After a long sigh, she said, “It would be extremely helpful to have a list of the boys who were treated for Giardia. Failing that, a list of the general population that summer would do.”
“I don’t know if we have either, to be quite honest with you.”
“Do you have any record of who it was that made the determination of a potential Giardia problem?”
“I would assume it was someone from a public health agency. But I really don’t know.”
“And what township is the camp located in? Maybe someone involved in the local government would remember.”
“The town of Burning Road. But if you don’t get anywhere with them, you might try the county.”
What little faith she might have had in local government was completely shattered by the time Janie finished dealing with officials from the town of Burning Road and the county in which it was seated. They would not give her anything until she filed a request using Freedom of Information Act forms.
“I want employment records showing who was working in the health department at the time, not the psychosexual history of the mayor,” she said to the clerk in charge; later, she considered in a moment of regret that it might have been an unnecessarily aggressive thing to say.
But what can you do when confronted with morons, psychopaths, and mental defectives? she thought with some bitterness.

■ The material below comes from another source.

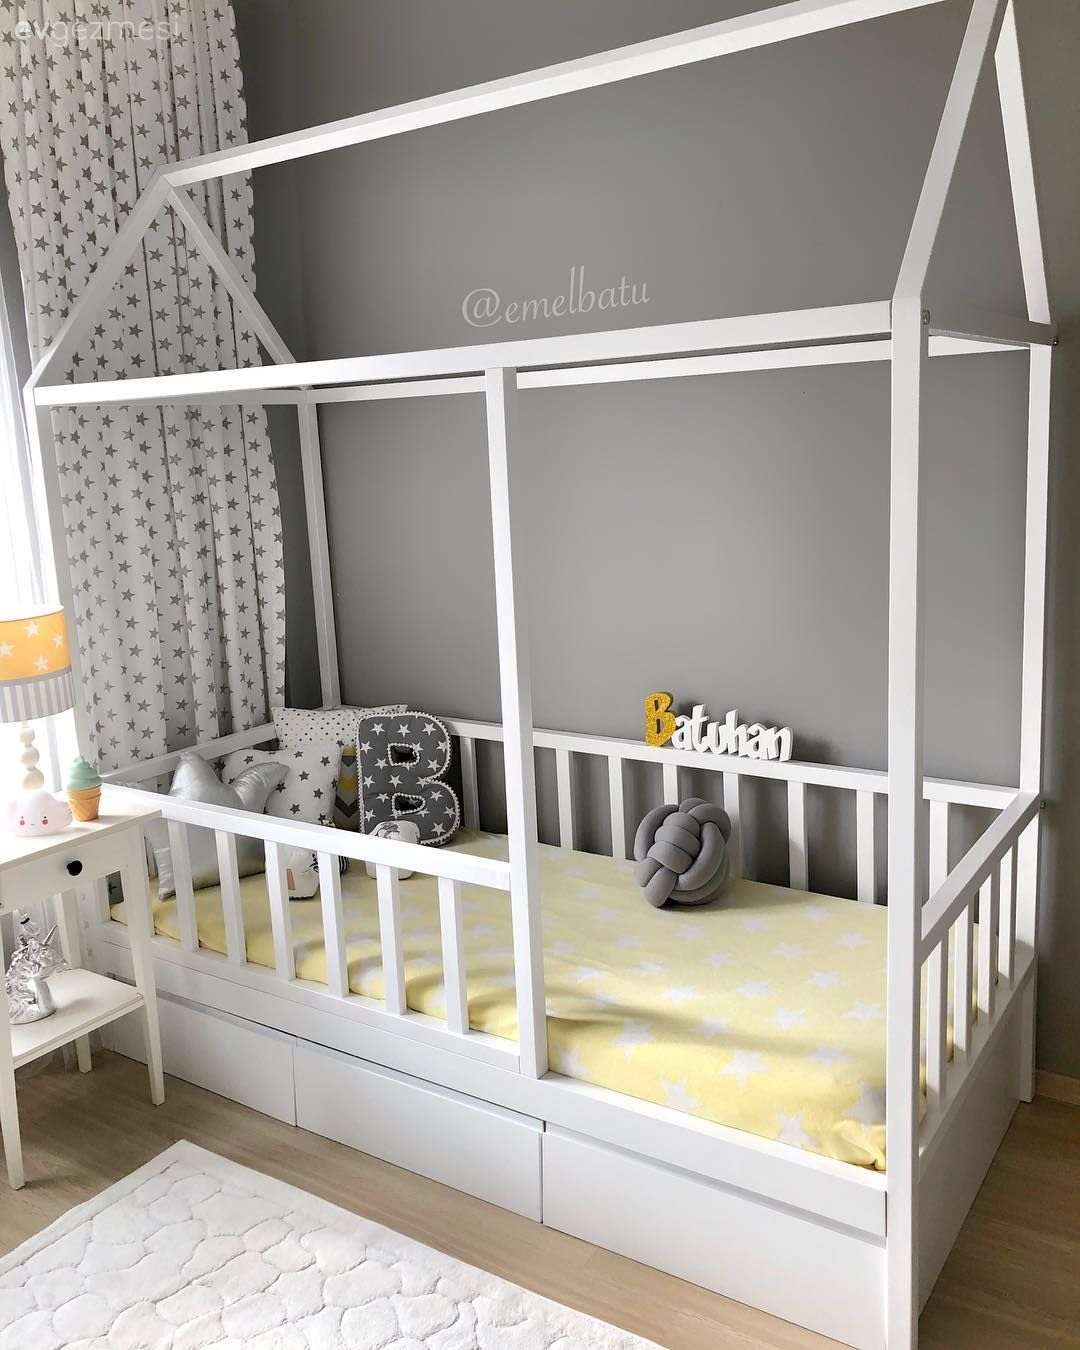 Surekli Degisim Icinde Olan Bu Evdeki Detayciliga Inanmak Cok Guc Bebek Odasi Mobilya Cocuk Odasi Oturma Odasi Tasarimlari

And when she spoke with Kristina Warger later that night to report on the results of
her first task in their joint quest, Janie felt compelled to say, “You know, some of what I did today is stuff that doesn’t really require me, specifically. Why is it that I need to do these things, and not you, or someone else from your group?”
“Because right now we don’t have anyone but me available. We’re not exactly a big group. And you have more credibility than I do. You’re more mature, probably a lot more adept at social things. And I remind all these people of their own children,” she said. “They won’t talk to me the same way they’ll talk to you.”
“I’m talking to you.”
“But you’re smart enough and curious enough to look beyond my youth. Most people aren’t.”
Indeed, Kristina’s youth was part of what Janie found fascinating about her. Somewhat bemused, she said, “Which aren’t they? Smart, or curious?”
“Oh, lots of people are smart. But curious … it’s a quality you don’t see enough of. People don’t seem to ask questions anymore.”
Anymore? Janie wanted to ask, sarcastically, if the youthful Kristina had come to this astute conclusion through a prolonged period of observation, if it was a tidbit of wisdom gathered over the span of her life. But she reserved the question for another occasion, when she might have a better handle on the girl’s unusual quirks.
For the moment, she simply agreed. “I think that’s a result of people getting unsavory answers for the last few years. There are lots of things we all just don’t want to know. So why ask? It’s completely understandable.”
“And completely tragic. But there’s another reason why we need you. Some of us have rather high profiles. Don’t misunderstand me—you’re not exactly unknown. But it would be very difficult for some of my colleagues to look into these things without raising a few eyebrows.”
Colleagues? Janie wondered when young girls had started to have “colleagues.” “I guess this wasn’t what I expected when I signed on. I mean, I actually did take care of some loose ends in my life, but if this is what this project is going to be about, I don’t think I’m going to face much in the way of danger.”